What’s Good for the Goose is Good for the Gander, or You’ve Taught Me Well, Mason
Oh my, it is so weird being back in NY and living our NY life, but change is not so difficult for me. I think Mason has a harder time adjusting to a new schedule, rules, and environment. As long as I have a cozy spot on the couch or bed, tasty food, walkies, and cuddling time with Mom or Dad, I am fine. I think because Mom feels so bad about taking us away from the Cape she may have overdone the treats. What I mean is she gave us too many marrowbones and pizzles. Mason will kill me when he reads this!
Mom supplied us with the juiciest marrowbones and biggest pizzles ever last week, and Mason did what he always does…steal and hoard. I mean really, Mason, there were enough treats for an entire kennel of dogs! Because I am becoming smarter and stronger, I decided to take what I’ve learned from him and then apply it to the situation. So, when he wasn’t looking I took every marrowbone and pizzle, hauled them into my bed, and then crawled in with them.
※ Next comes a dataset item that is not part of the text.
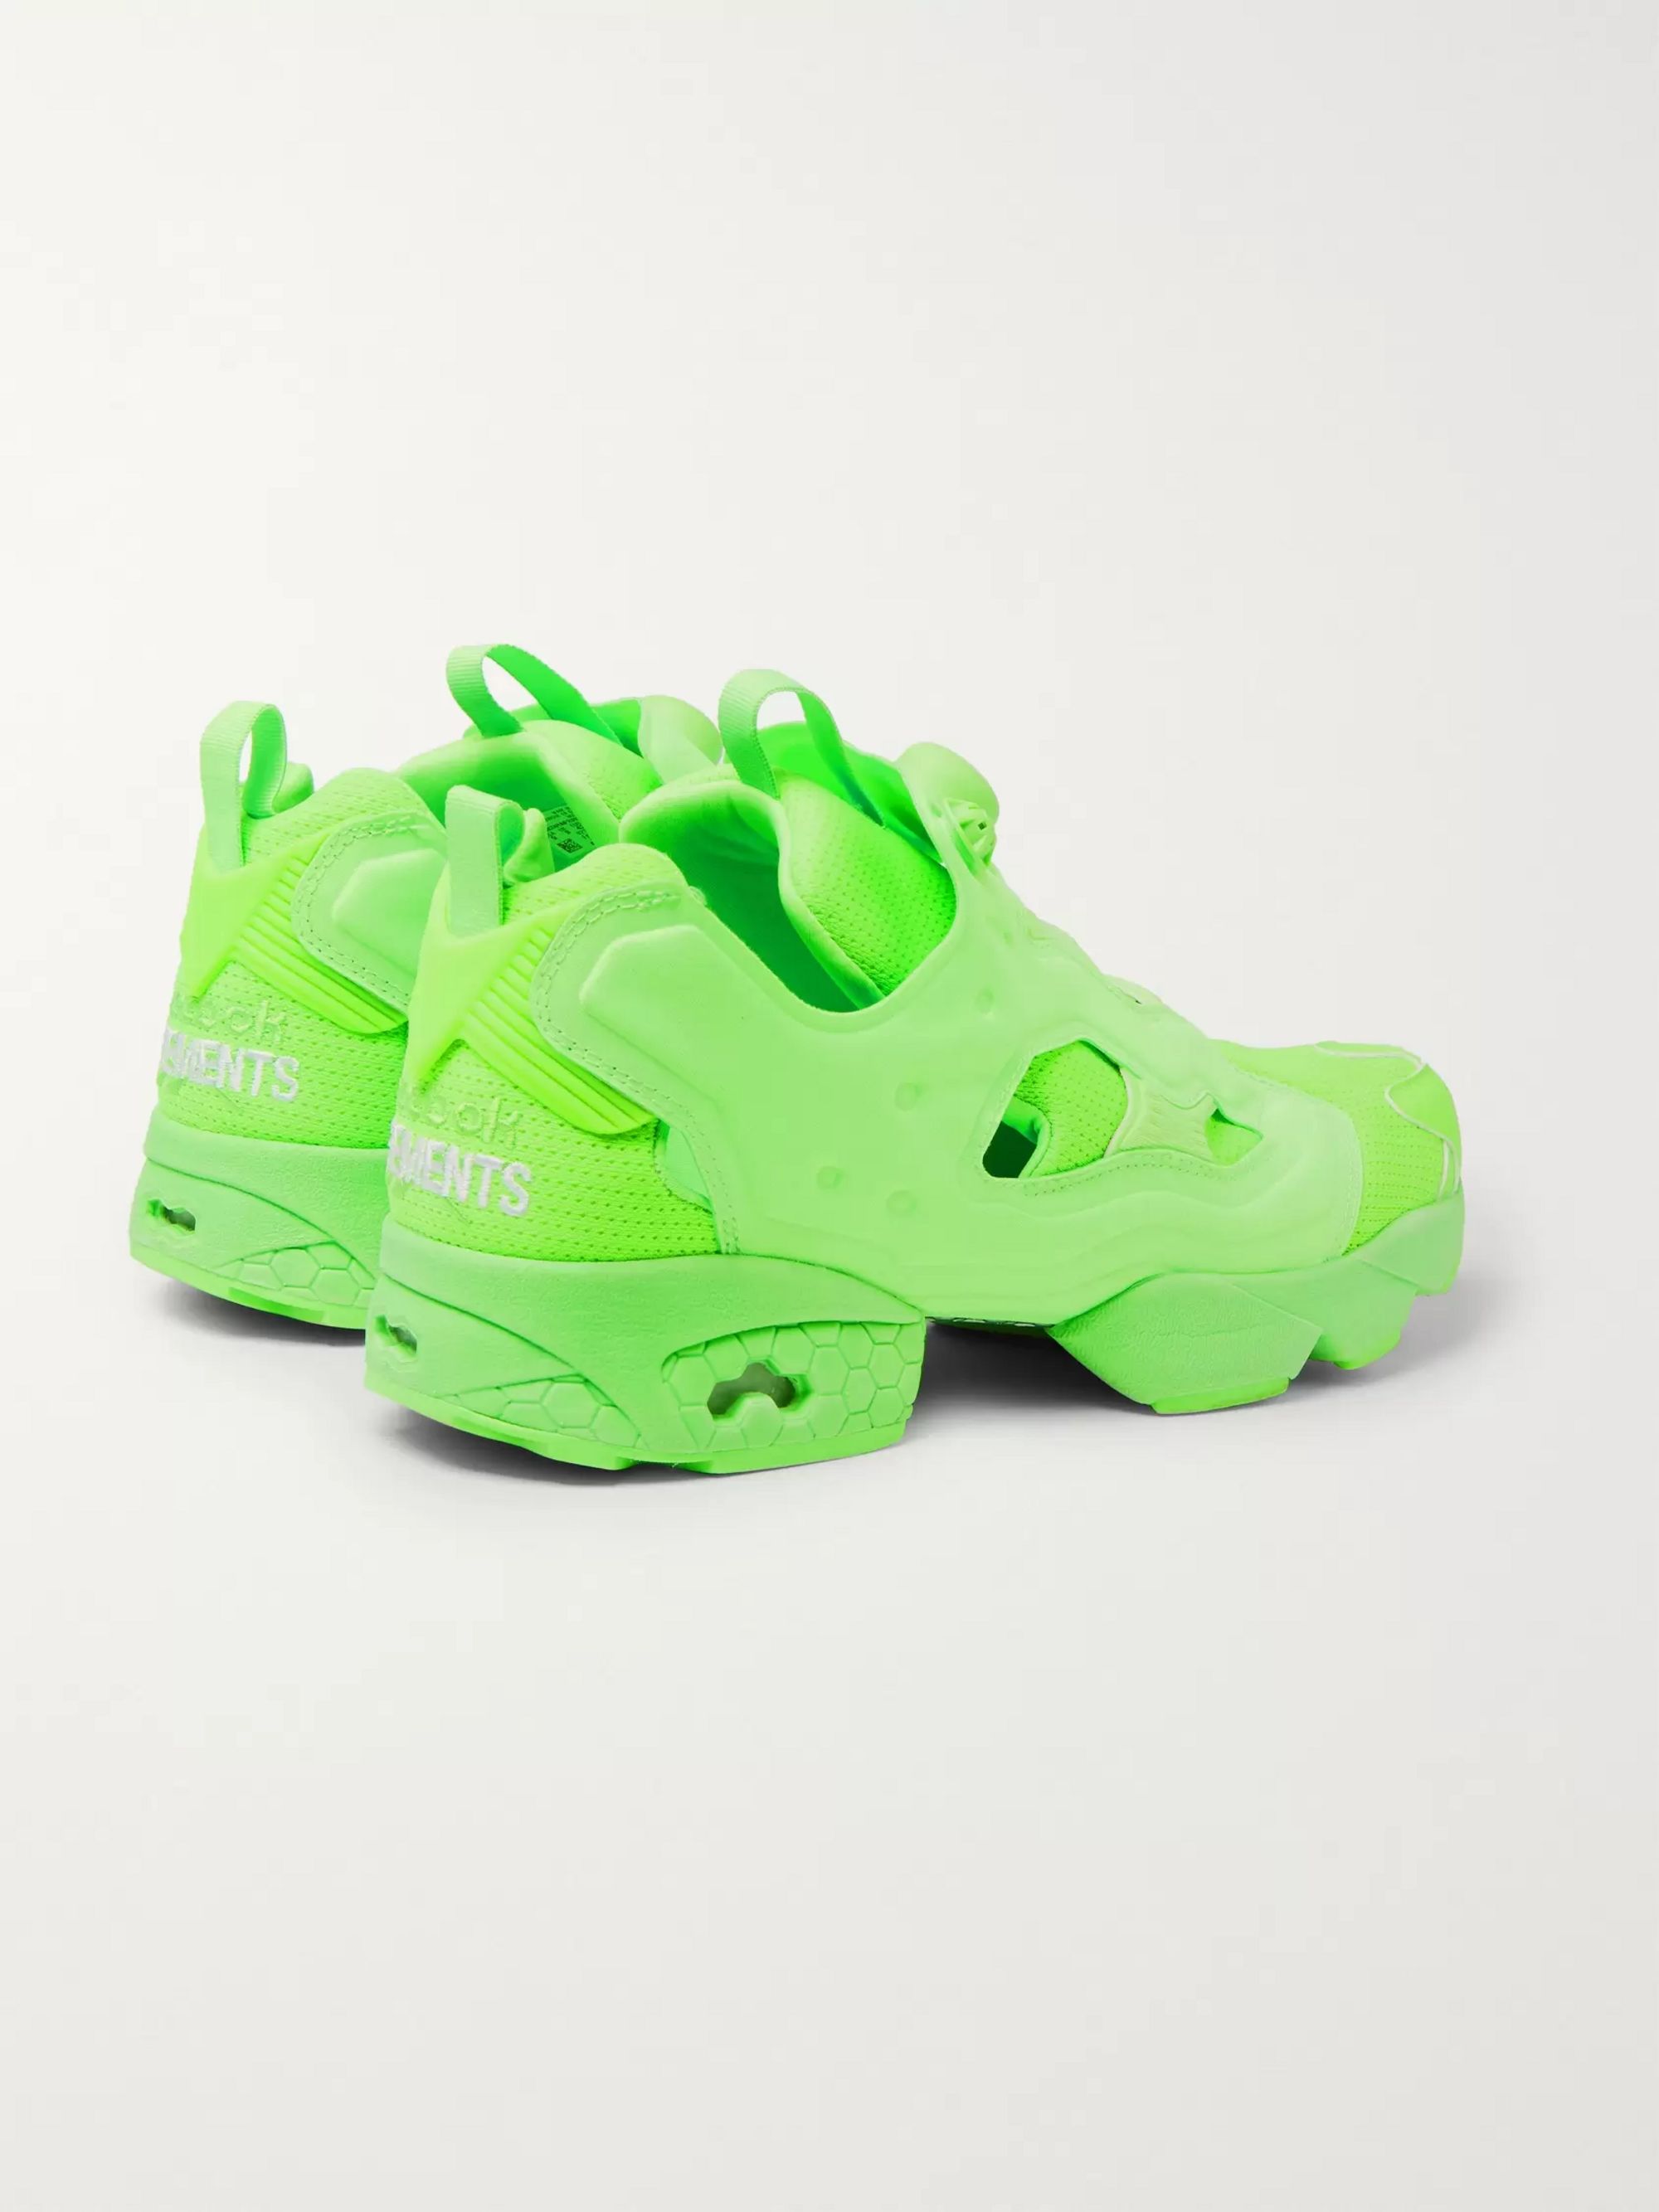 lime green reebok shoes

Mason came back into the room, looking all over for the treats, and then saw me chewing on one in my bed, surrounded by the entire lot of them. He came toward me as if to grab one and I let loose with the most threatening barking and growling I could muster up. Mom came running in to scold Mason and then froze in her tracks when she saw I was the one holding Mason at bay. I watched Mason look at her for help and then I felt bad, like I always do. He really is clueless…he just doesn’t get that a girl like me can be so fierce and aggressive. But guess what, he did back off and leave me alone.
The story doesn’t end here though. Yesterday, after Grandma left, Mom hauled out the most beautiful marrowbones ever, giving one to me and one to Mason. Because I really wasn’t interested in chewing at that time, I stayed curled up on the couch where I had a pretty good view of everything going on the room. Mason, thinking I was asleep and that Mom and Dad were busy doing something else, took his bone over to his bed and buried it under the pad. He even patted it down so it didn’t show so much and then, without a moment’s hesitation, he hopped into my bed and began chewing on my bone. Isn’t he the trickiest pug you’ve ever known? I giggled to myself because he thinks he is the master of his domain, but I saw the whole thing.
I guess you could say our days, even though we’re alone a lot, are never dull.
Pug: $2,000, Vet Bills: $10,000, Pug Food: $5,000, Cost of Living in NYC: Astronomical, Mom and Dad’s Love: Priceless.
After a week’s hiatus I am ready to resume my musings for you, dear reader. Re-entry into the hustle and bustle of Manhattan takes some adjustment for yours truly. Getting back my city streets mojo is a far cry from living our pastoral type of existence on Cape Cod, but I’m feeling my old self again and ready to rant, rave, and whine.
Of course the real bonus in this is being wrapped nightly in my Mom’s arms and then knowing that when I awaken in the morning she will still be pressed against me, no matter how many moves I make during the night. That feeling of security is beyond compare…well, maybe a nice juicy marrowbone comes close, but no, not really. I am able to survive our long days alone in the apartment because I know my mom will be home in the evening, ready to reclaim our emotional connection.
This weekend was spectacular because we had long outings to Tompkins Square Park, cuddles on the couch, and a primo bull pizzle, which Lizzie and I consumed on our terrace. Life is good for us, I must confess. The only issue I currently have is the lack of comestibles in our NY home. At Grandma’s there was always a steady, flavorful, and diverse supply of treats. Grandma was mindful of fulfilling our palate’s constant jonesing for an amuse-bouche. I do miss those daily samplings and the heavenly aromas emanating from Granny’s big kitchen.
In the grander scheme, I am quite content and have been reminded this week of the old Simon and Garfunkel song lyrics:
Home where my thought’s escaping,
Home where my music’s playing,
Home where my love lies waiting
Silently for me.
Mom, your little man is happy to be home again.